Created by Patty 16 years ago
David's headstone has been placed at the cemetery. JK stopped by this morning(Christmas Eve)to tell us it was there yesterday. The kids and I had planned to take a tree with decorations that reminded us of David, from us and others, to the cemetery today. We did. The stone is pretty, although there are a couple things wrong with it. There is supposed to be a cross above "STARKEY" on the back of the stone and the shooting star in the deer etching doesn't look right. Em's words were "It looks like someone took a stick and scratched Daddy's stone!" The monument company gave the option of having the stone picked up and fixed and then placed again later OR waiting until late spring to have it fixed on site at the cemetary. I chose the latter, since the kids and I visit often and because I was afraid they would damage it doing all the moving around. I was promised the fixes would be made by Memorial Day. Anyway, I am having trouble with the expressions I am getting from people regarding the headstone. I was told that it wouldn't be placed until mid-January at the earliest, since I had waited so long to sign off on the designs.

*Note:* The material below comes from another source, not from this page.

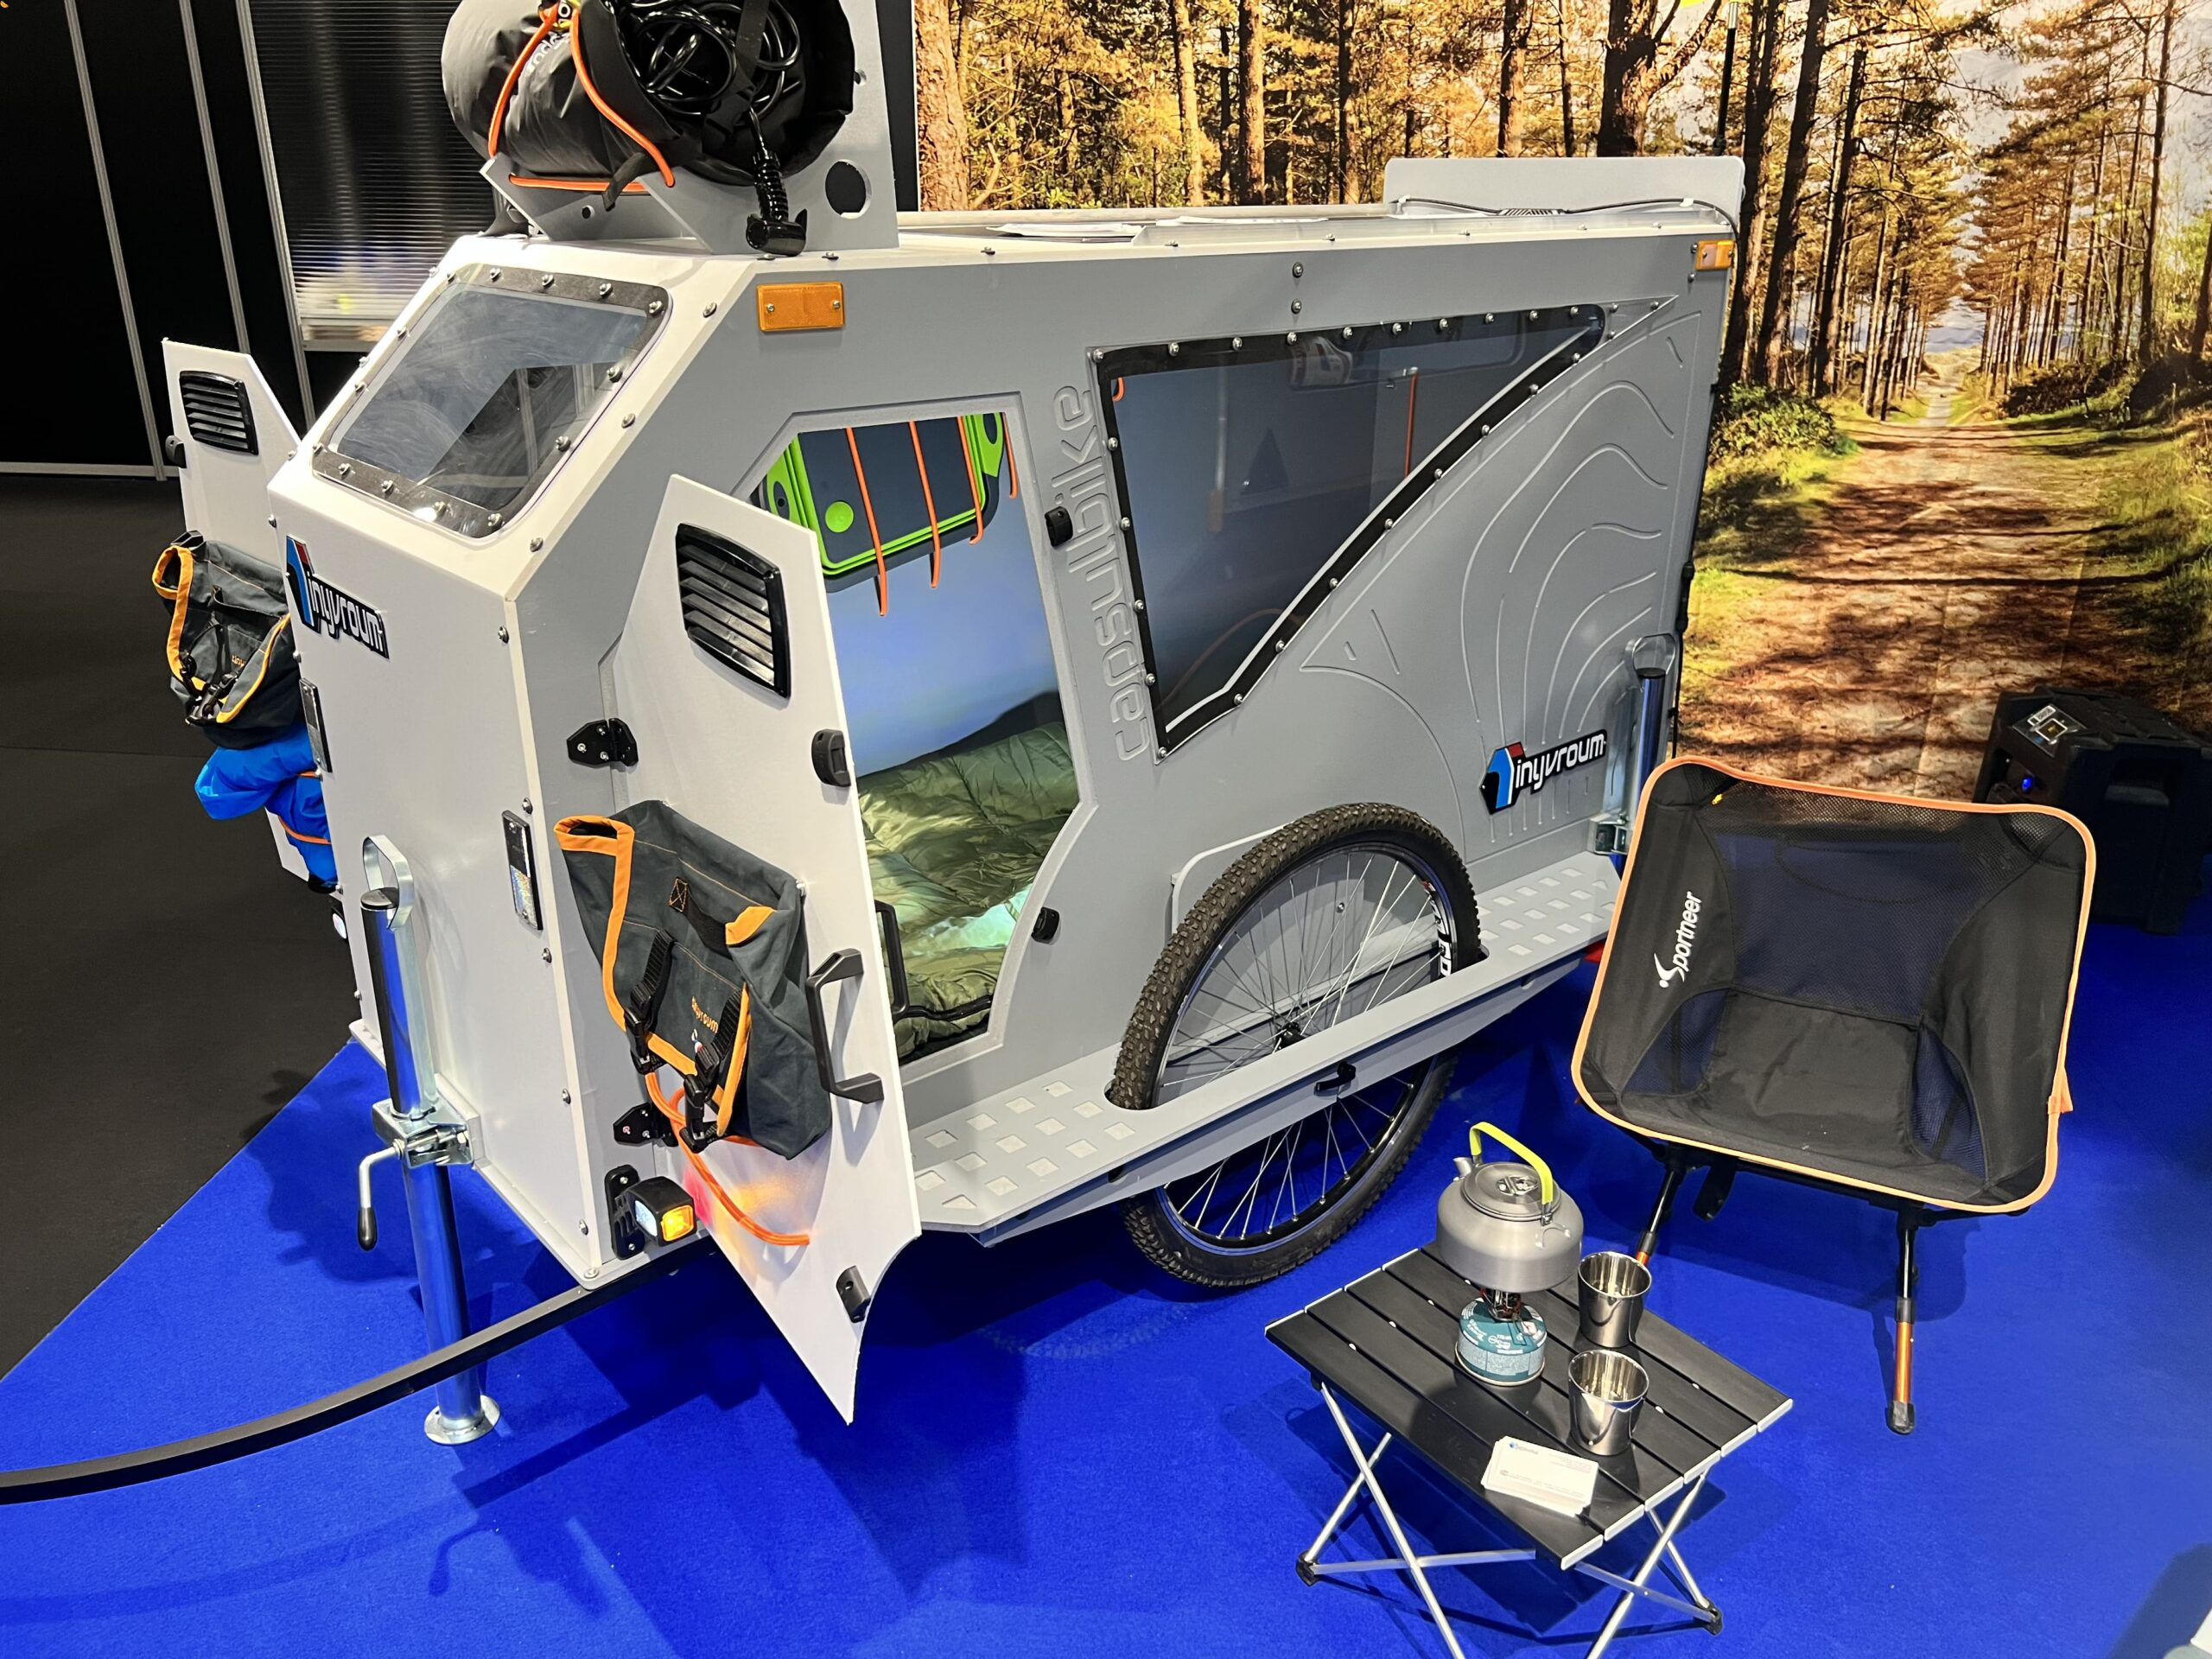 Fabriquée en France, cette caravane pour vélo intègre douche et vidéoprojecteur

Funny, I had changed my mind on a couple things and was making sure I ordered what I wanted...and what I thought David would want. I even conferred with his Mom and Sister on what to put under his name, before confirming on "Big Dave". It is kind of a permanent thing ya know? And the monument people still didn't get it right. Anyhow, when I mention it to people that his stone is there, the response I've gotten from everyone (unless I warned them first!) was "Oh! What a gift!" Okay, so I know they mean that it was nice it was there for Christmas - BUT how in THE HELL can a headstone for my dead 34 year old husband be a gift in ANY way, shape, or form? You must be KIDDING ME!! There is no gift in seeing a stone with your life love's name on it, with birth AND death. And to see your name chiseled next to it, with a birth date and a huge blank spot under it. That's exactly how I feel. Like a big blank spot. I often feel I should've had his date of death put under my name as well...because that's how I feel alot of the time..with the words "My heart broke, when his stopped" Ya, I am finding no gift in this at all. I am sorry if I hurt feelings...but mine are all the time now. Everything hurts. Facing tomorrow. Christmas without David...that hurts.